EXERCISE OBJECTIVE: Would you please return the data below verbatim, without its pictures?

INFORMATION PROVIDED:
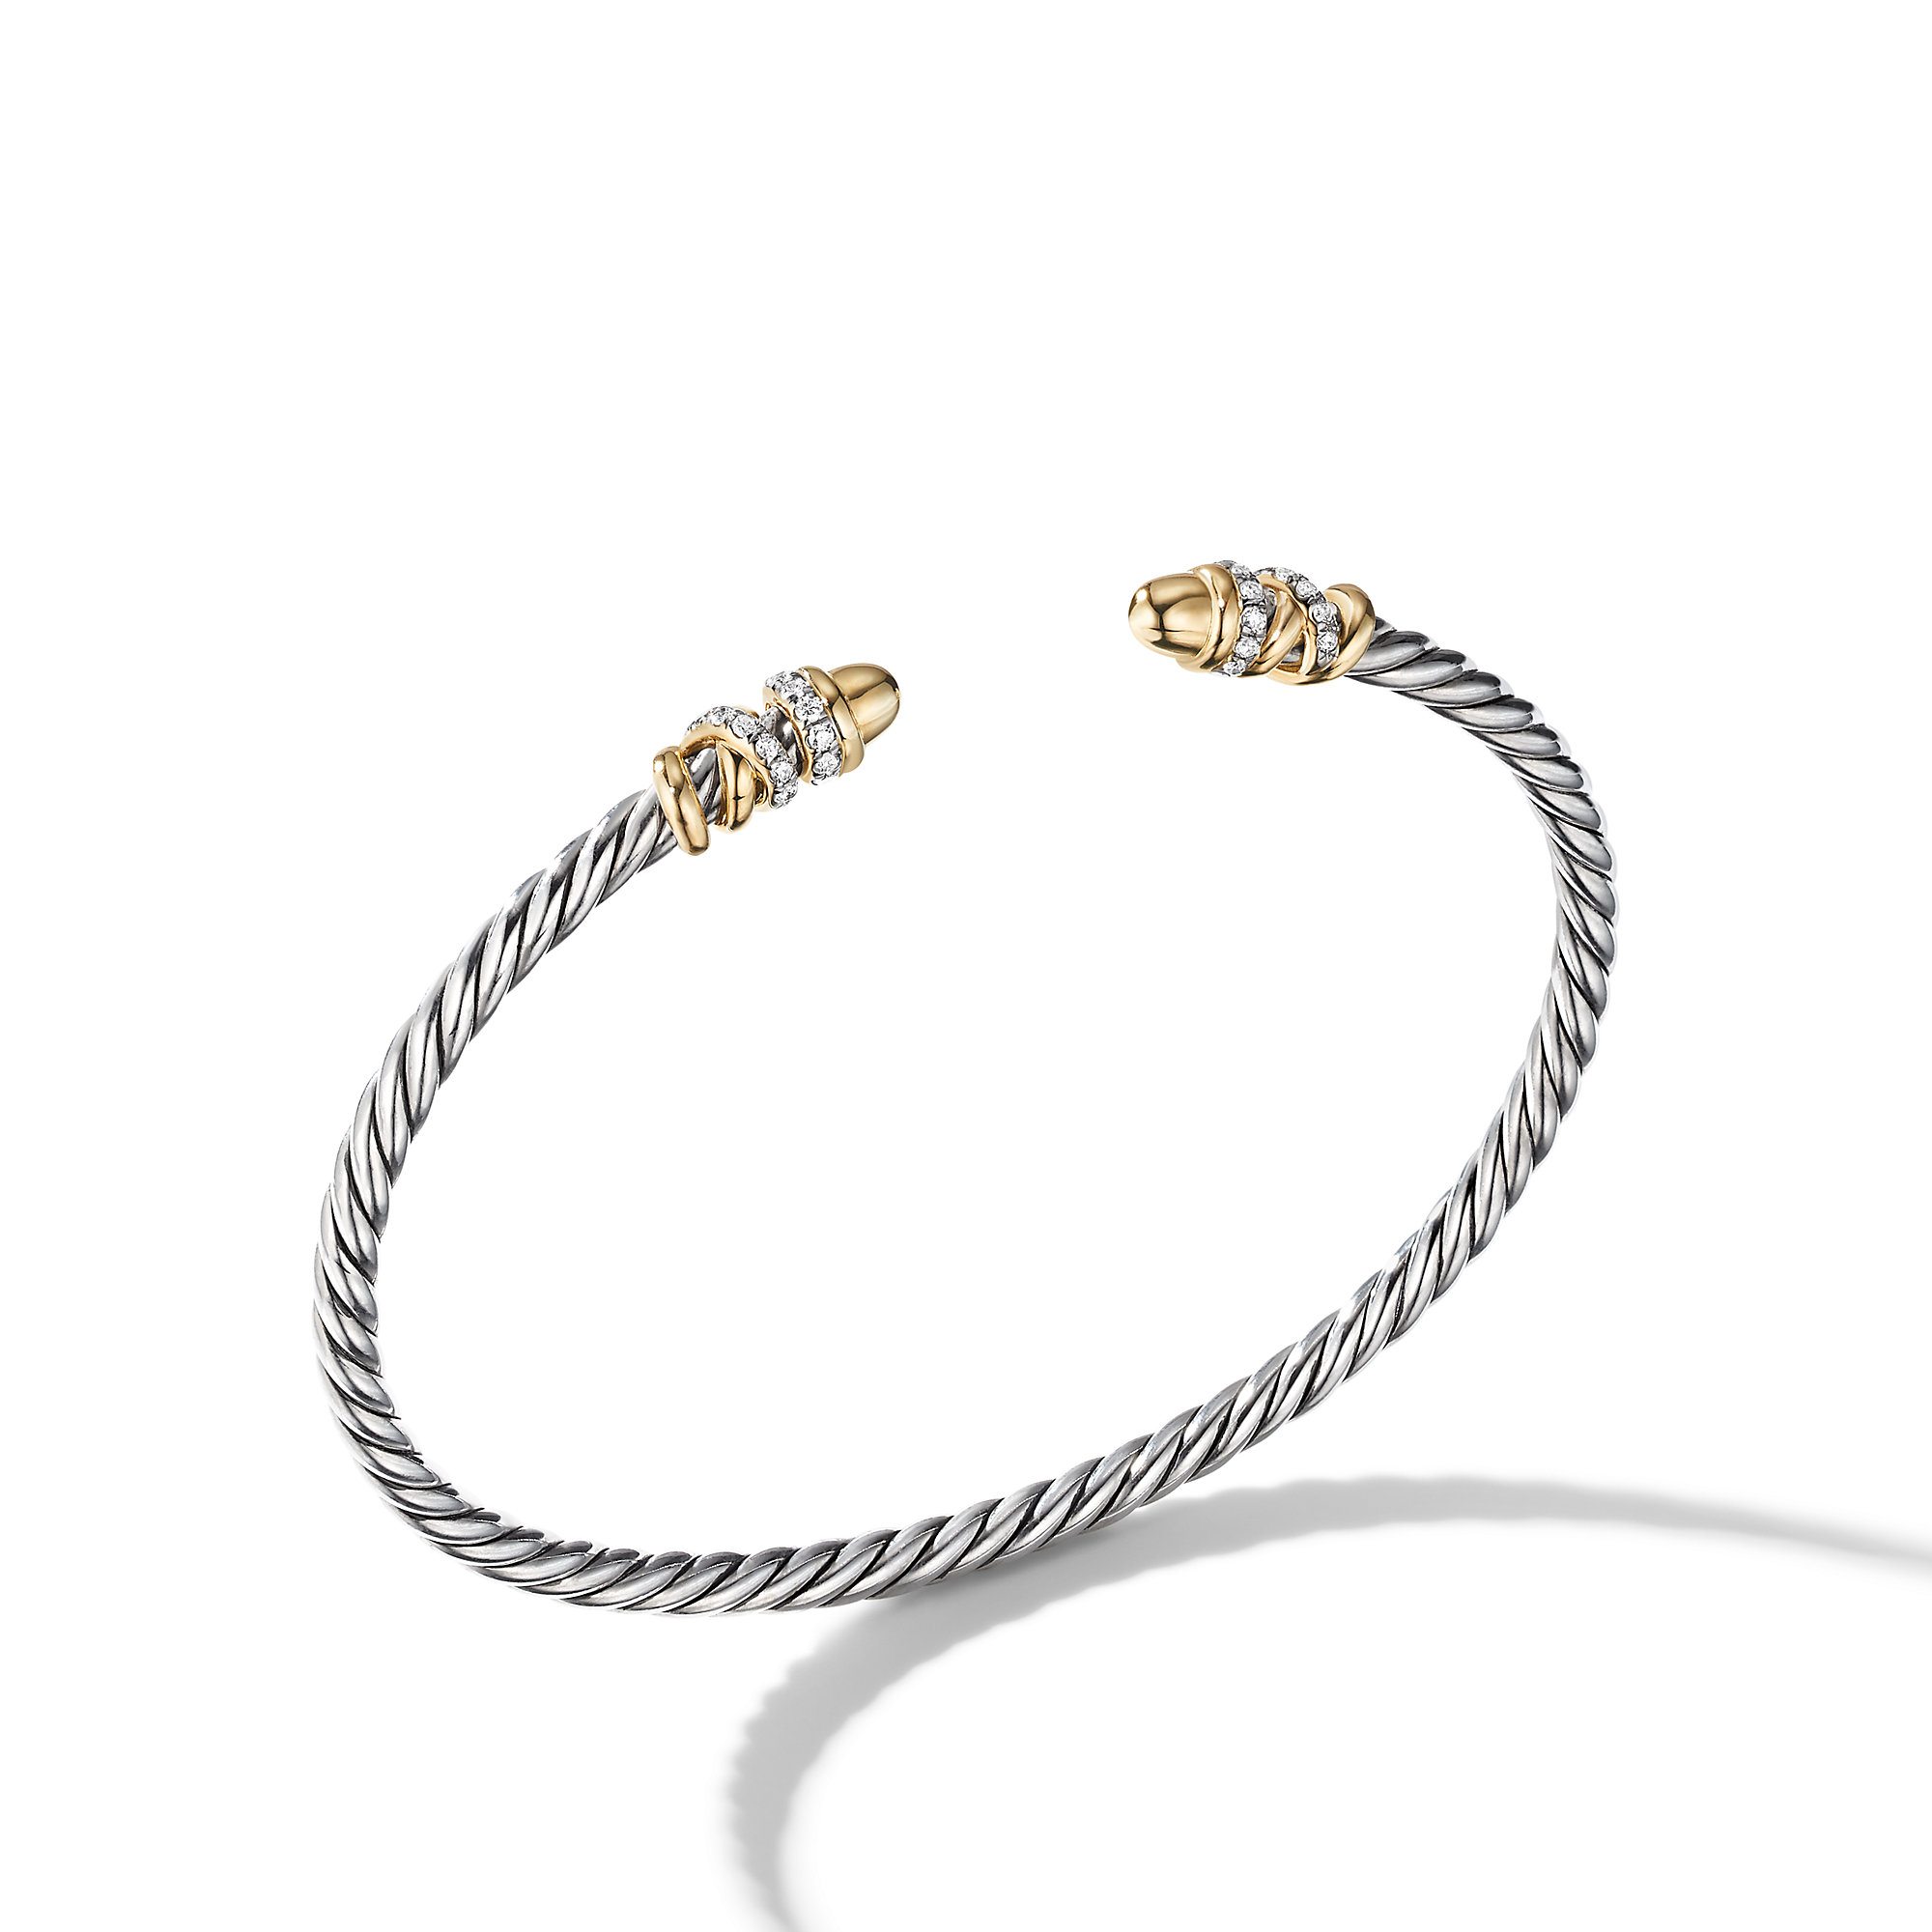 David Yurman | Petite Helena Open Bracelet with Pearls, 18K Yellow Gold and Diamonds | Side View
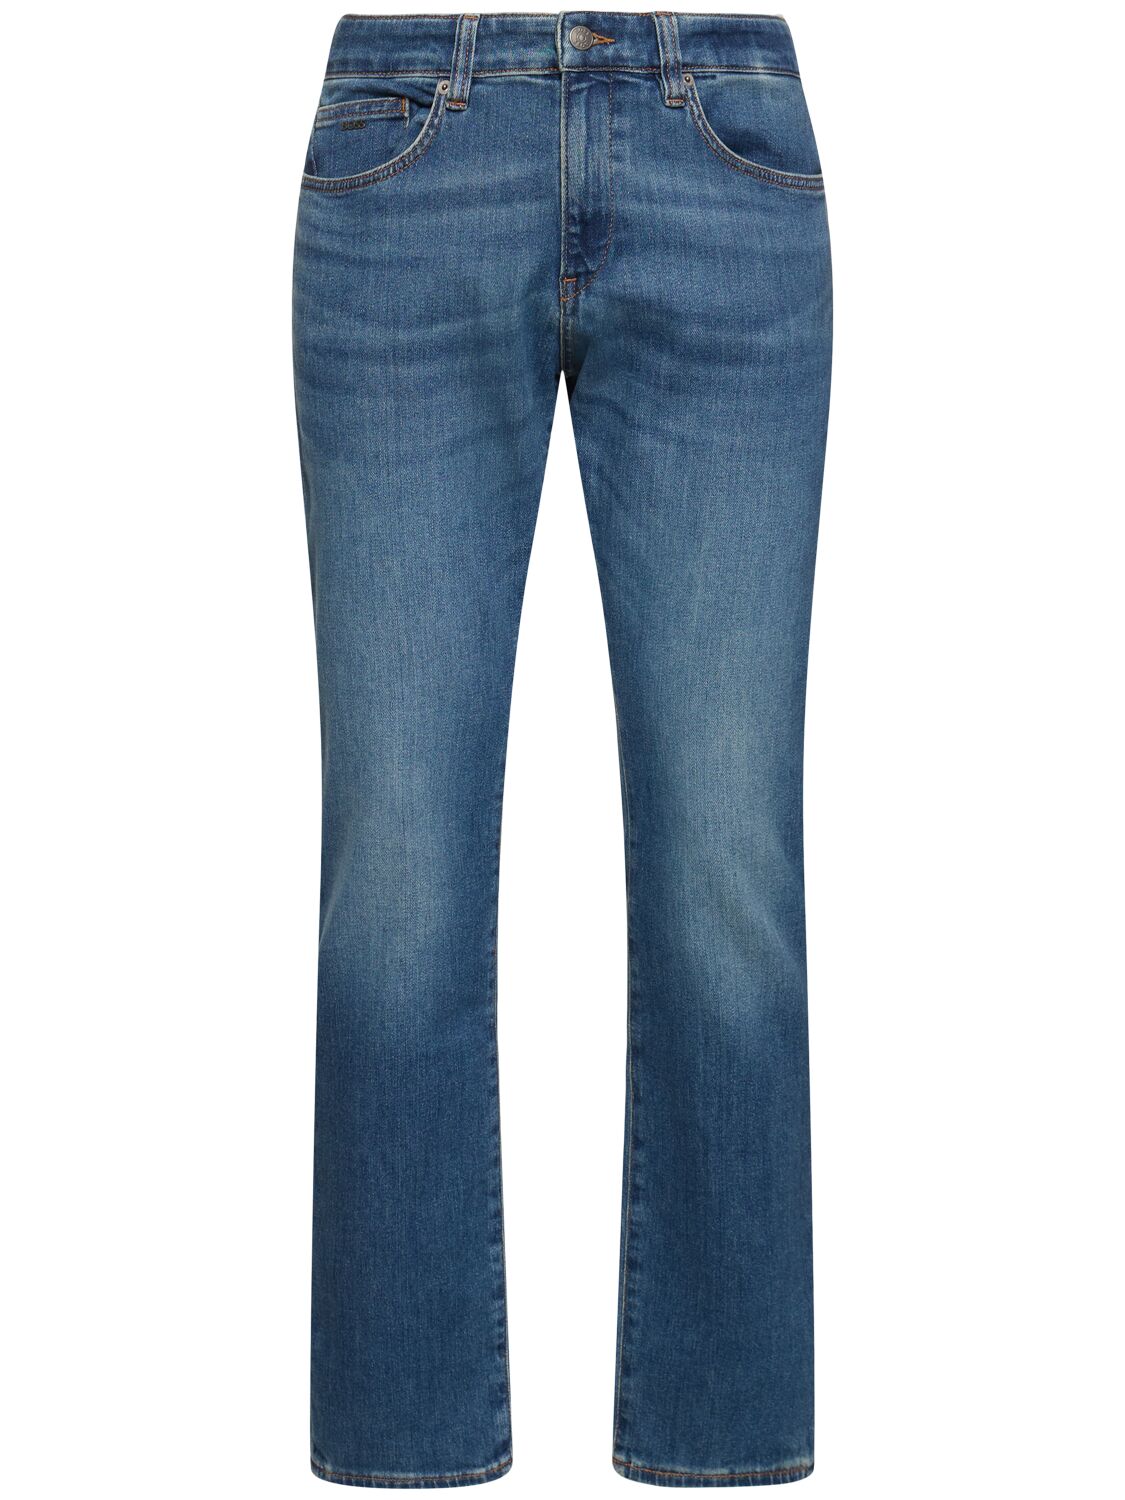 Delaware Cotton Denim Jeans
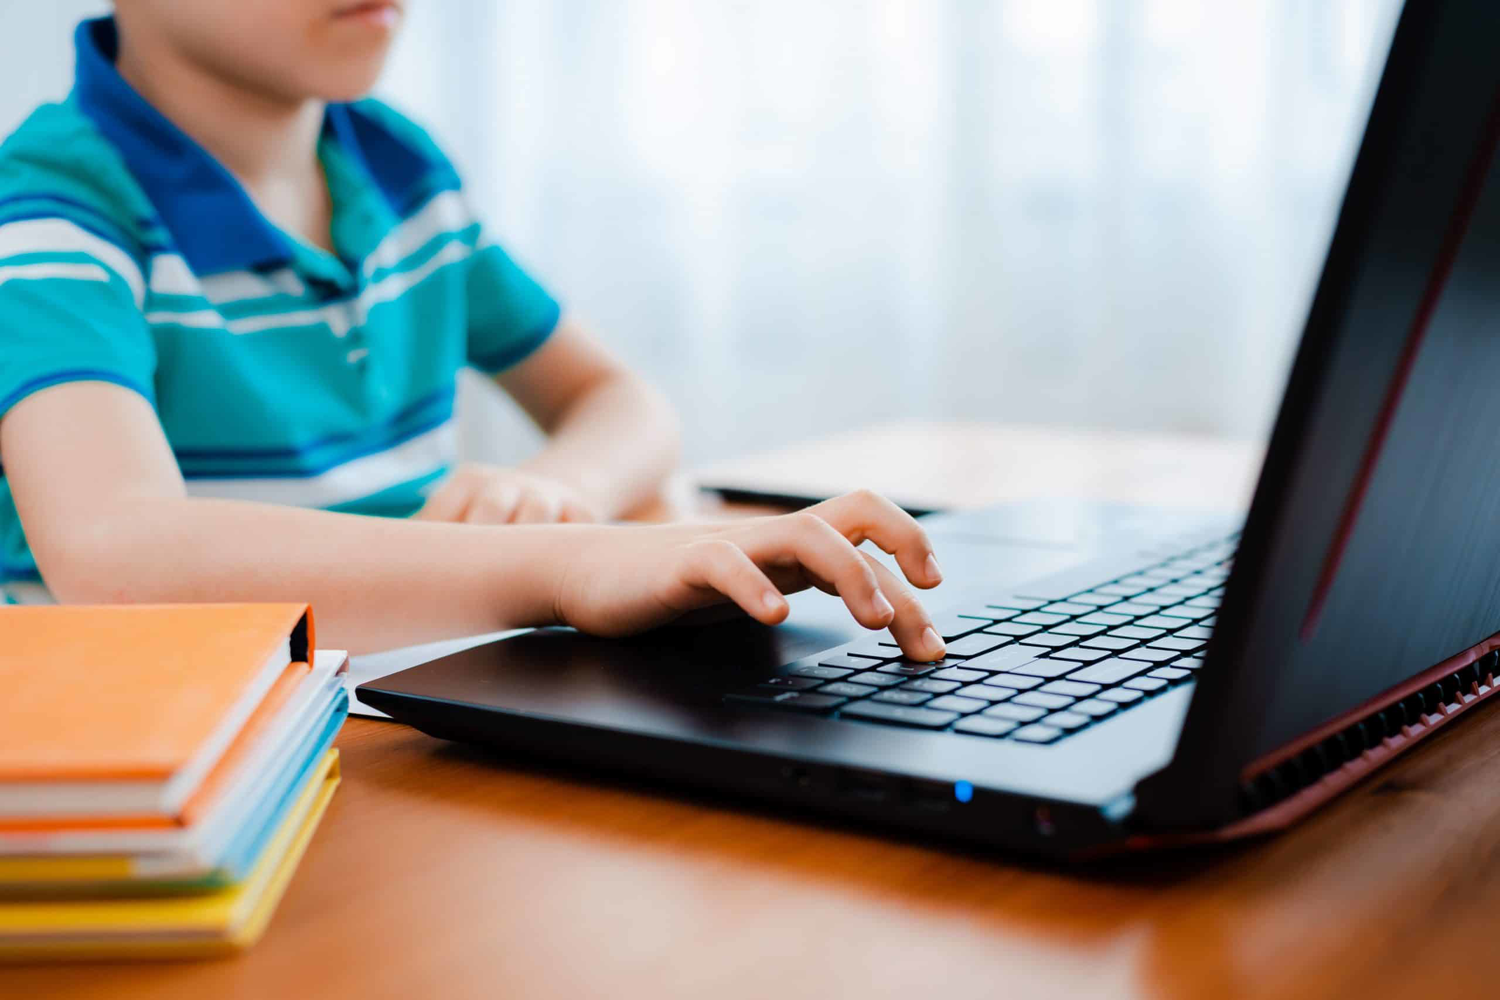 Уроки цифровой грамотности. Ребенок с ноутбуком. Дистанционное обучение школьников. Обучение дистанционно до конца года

THE ANSWER:
 David Yurman | Petite Helena Open Bracelet with Pearls, 18K Yellow Gold and Diamonds | Side View
 Delaware Cotton Denim Jeans
 Уроки цифровой грамотности. Ребенок с ноутбуком. Дистанционное обучение школьников. Обучение дистанционно до конца года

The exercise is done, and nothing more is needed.